▶ [Source material]:
○ ○ ○ ○ ○ ○ ○

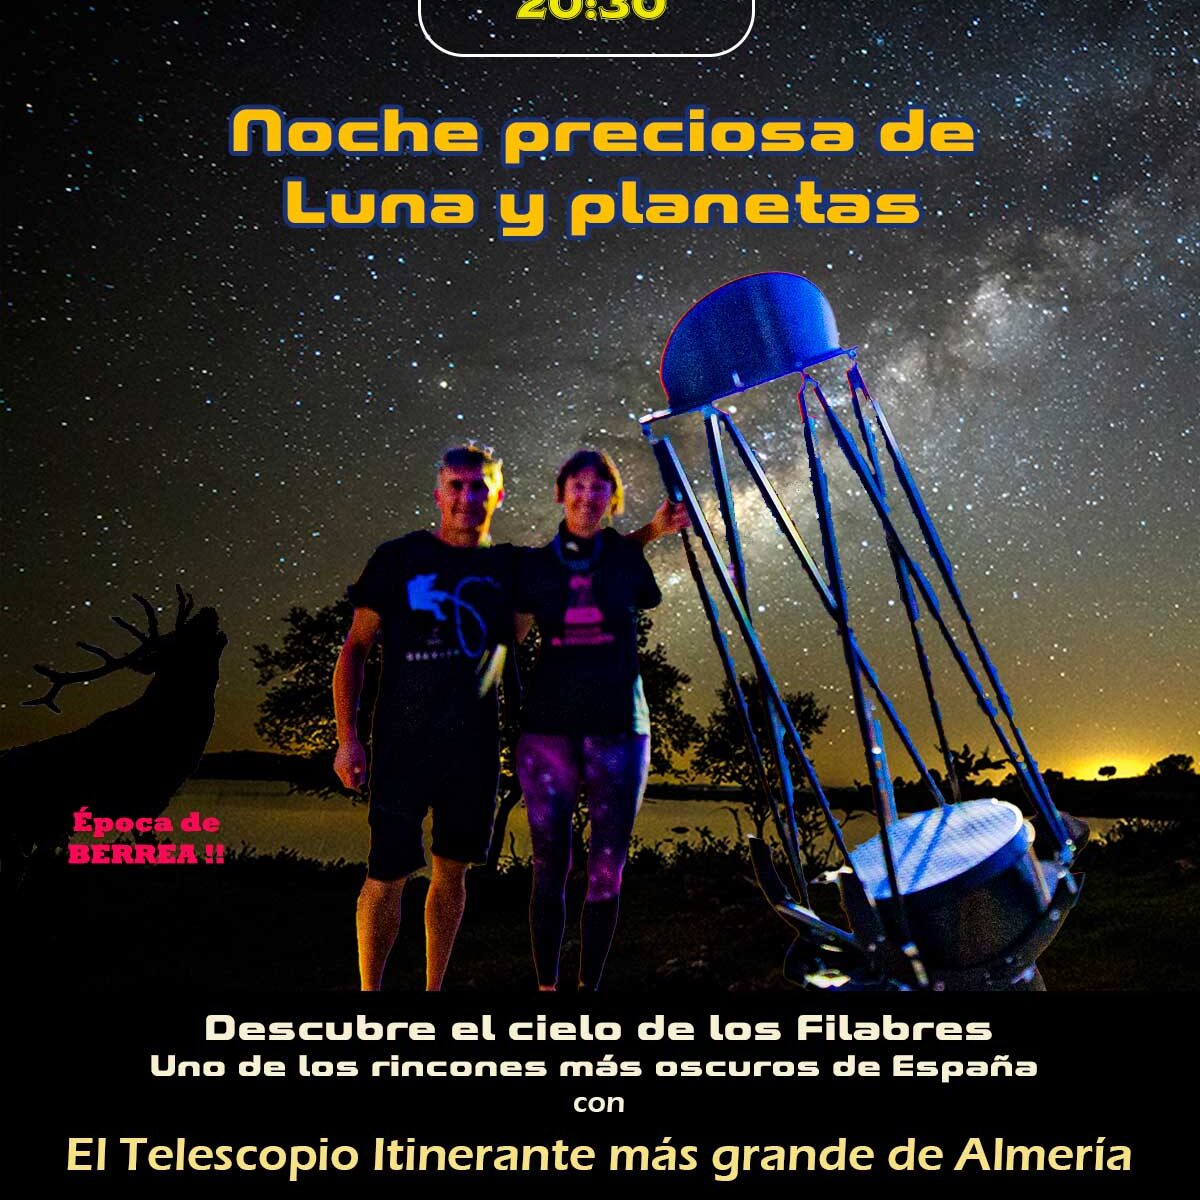 astroturismo Andalucia y Almeria, Sierra de los Filabres
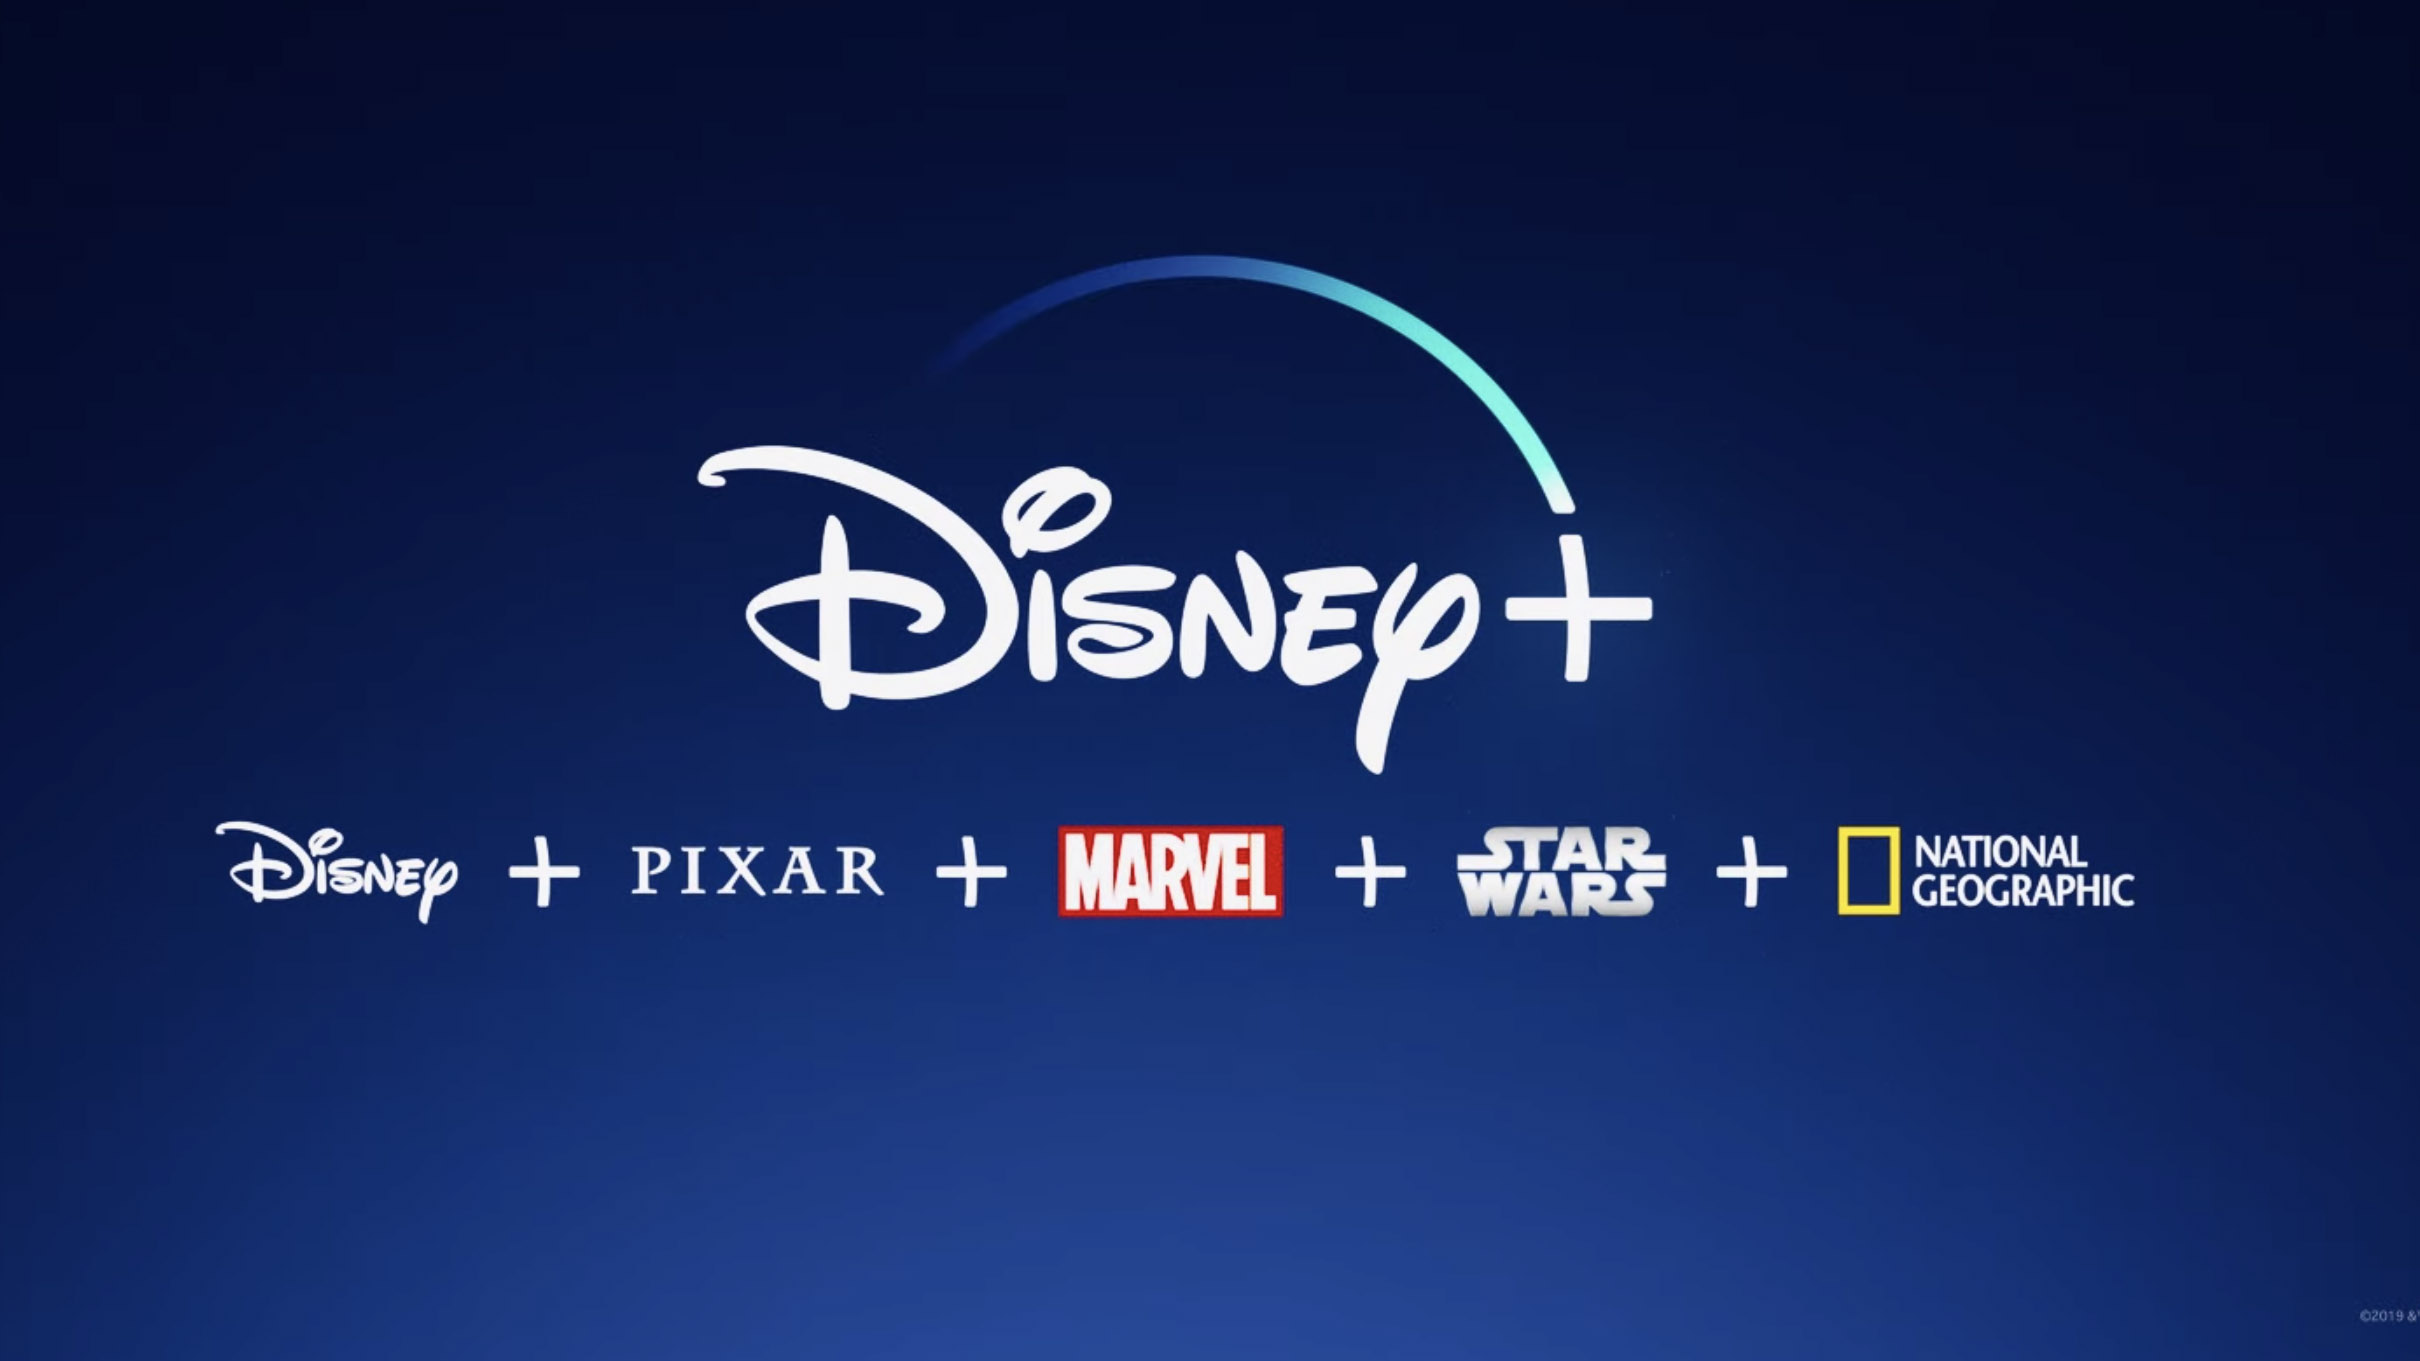 Disney Plus oferecerá um novo tipo de assinatura com preços reduzidos, com  anúncios - NotebookCheck.net News
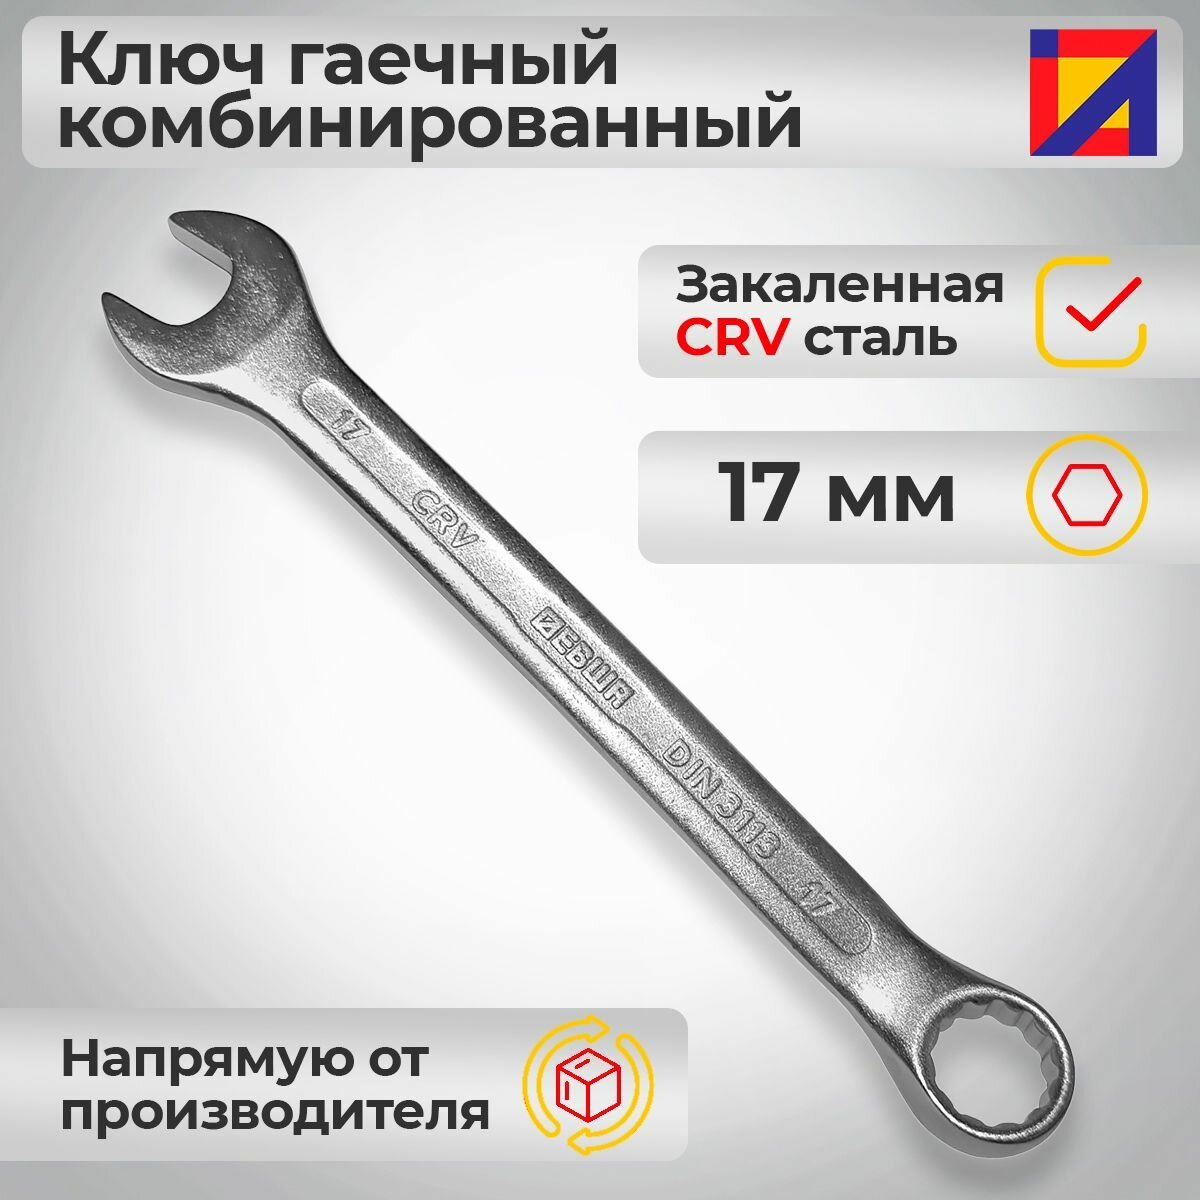 Ключ гаечный комбинированный 17 мм. / Левша
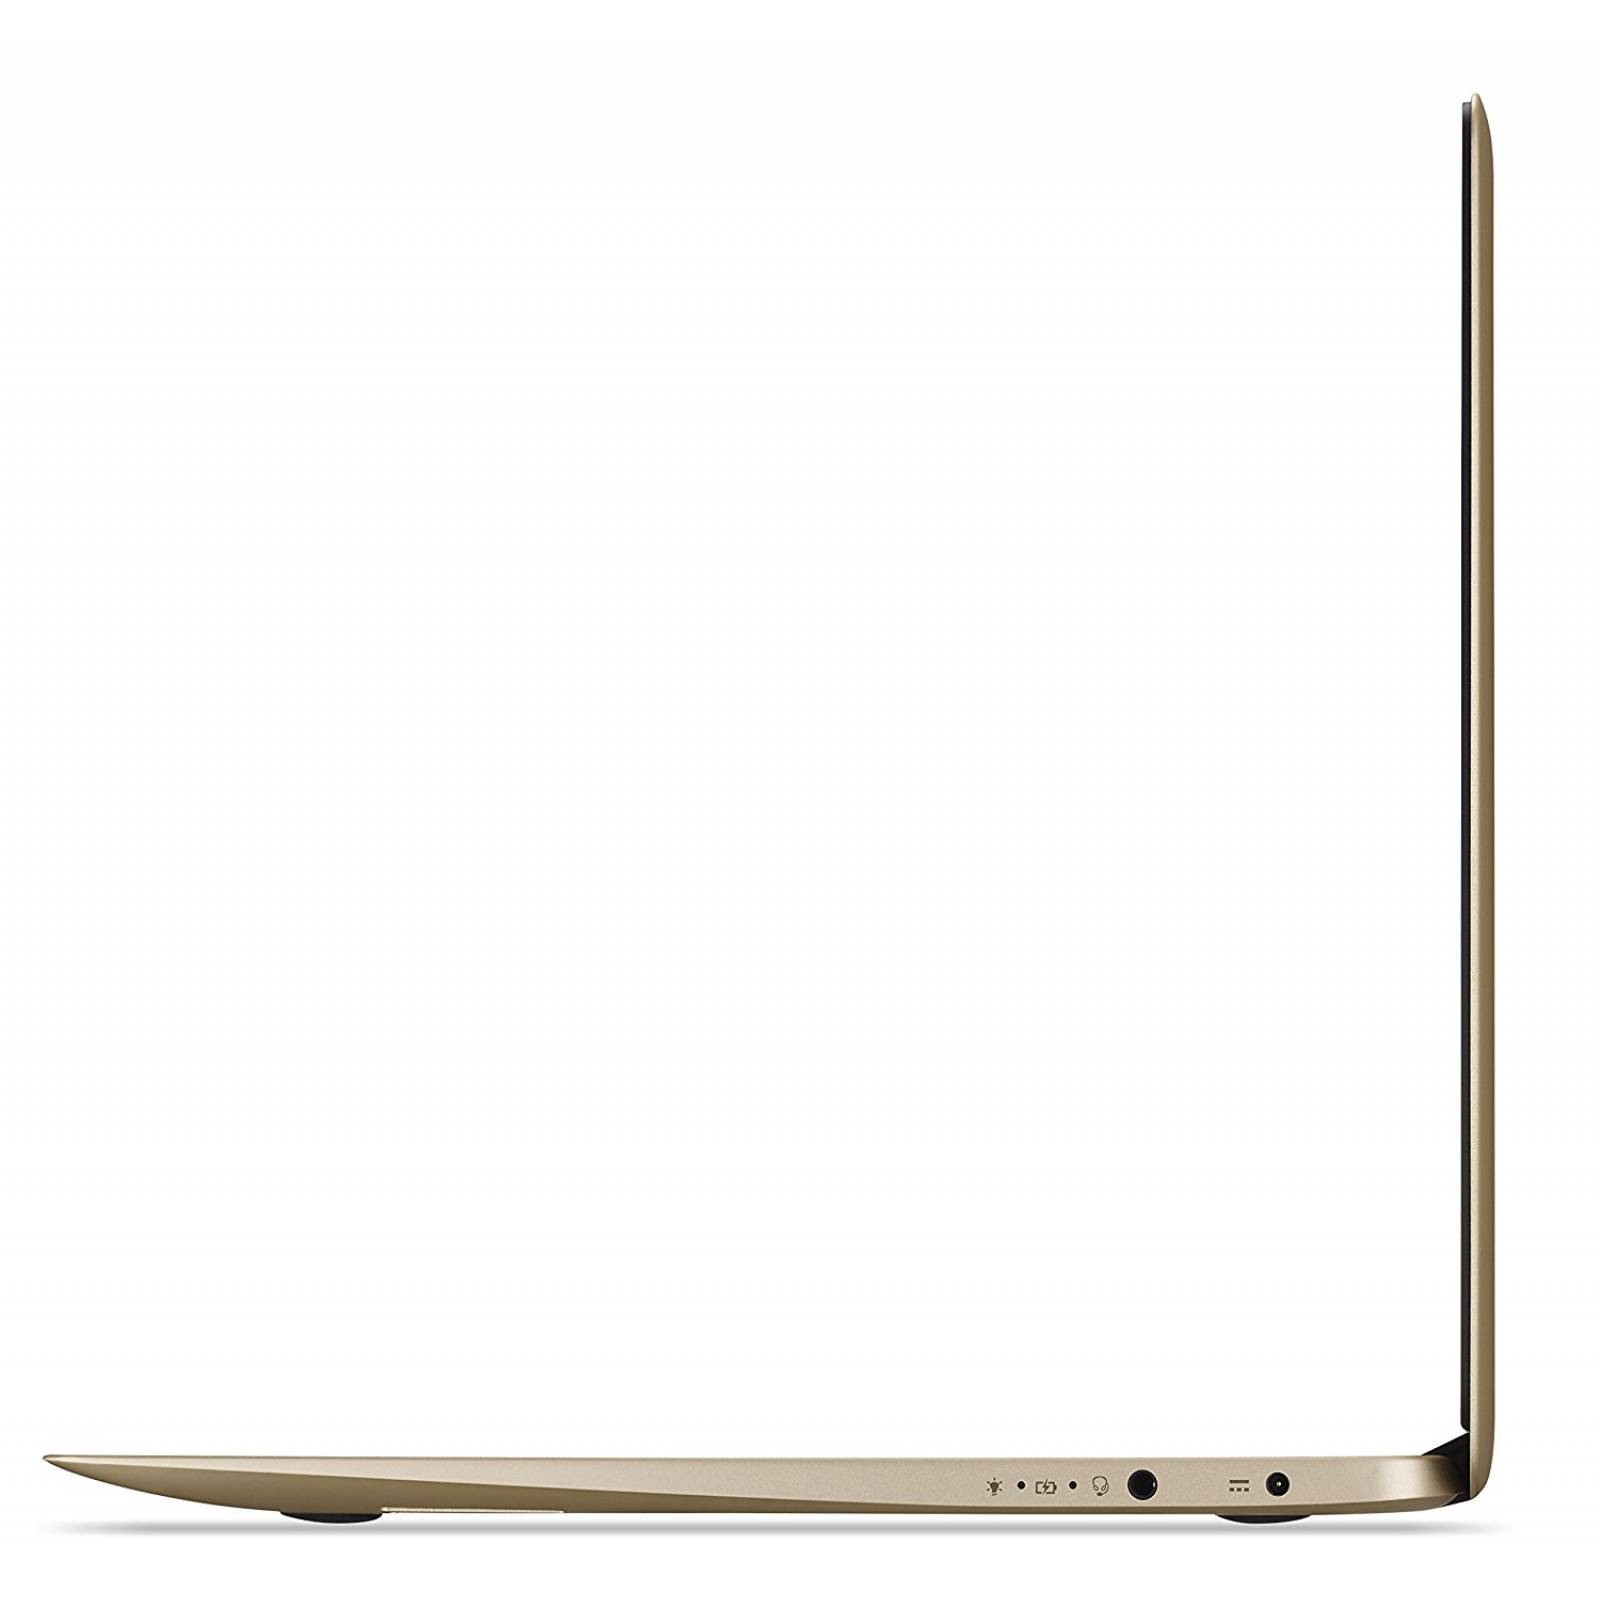 Acer Chromebook 14 aluminio 14 pulgadas HD completo  -Dorado

○ ○ ○ ○ ○ ○ ○

▶ [Exercise aim]: For this exercise, reproduce the data above exactly from the line containing "Ключ гаечный комбинированный 17 мм. / Левша" through its final line, both ends included, with no pictures in the copy.

▶ [Result below]:
 Ключ гаечный комбинированный 17 мм. / Левша
 Acer Chromebook 14 aluminio 14 pulgadas HD completo  -Dorado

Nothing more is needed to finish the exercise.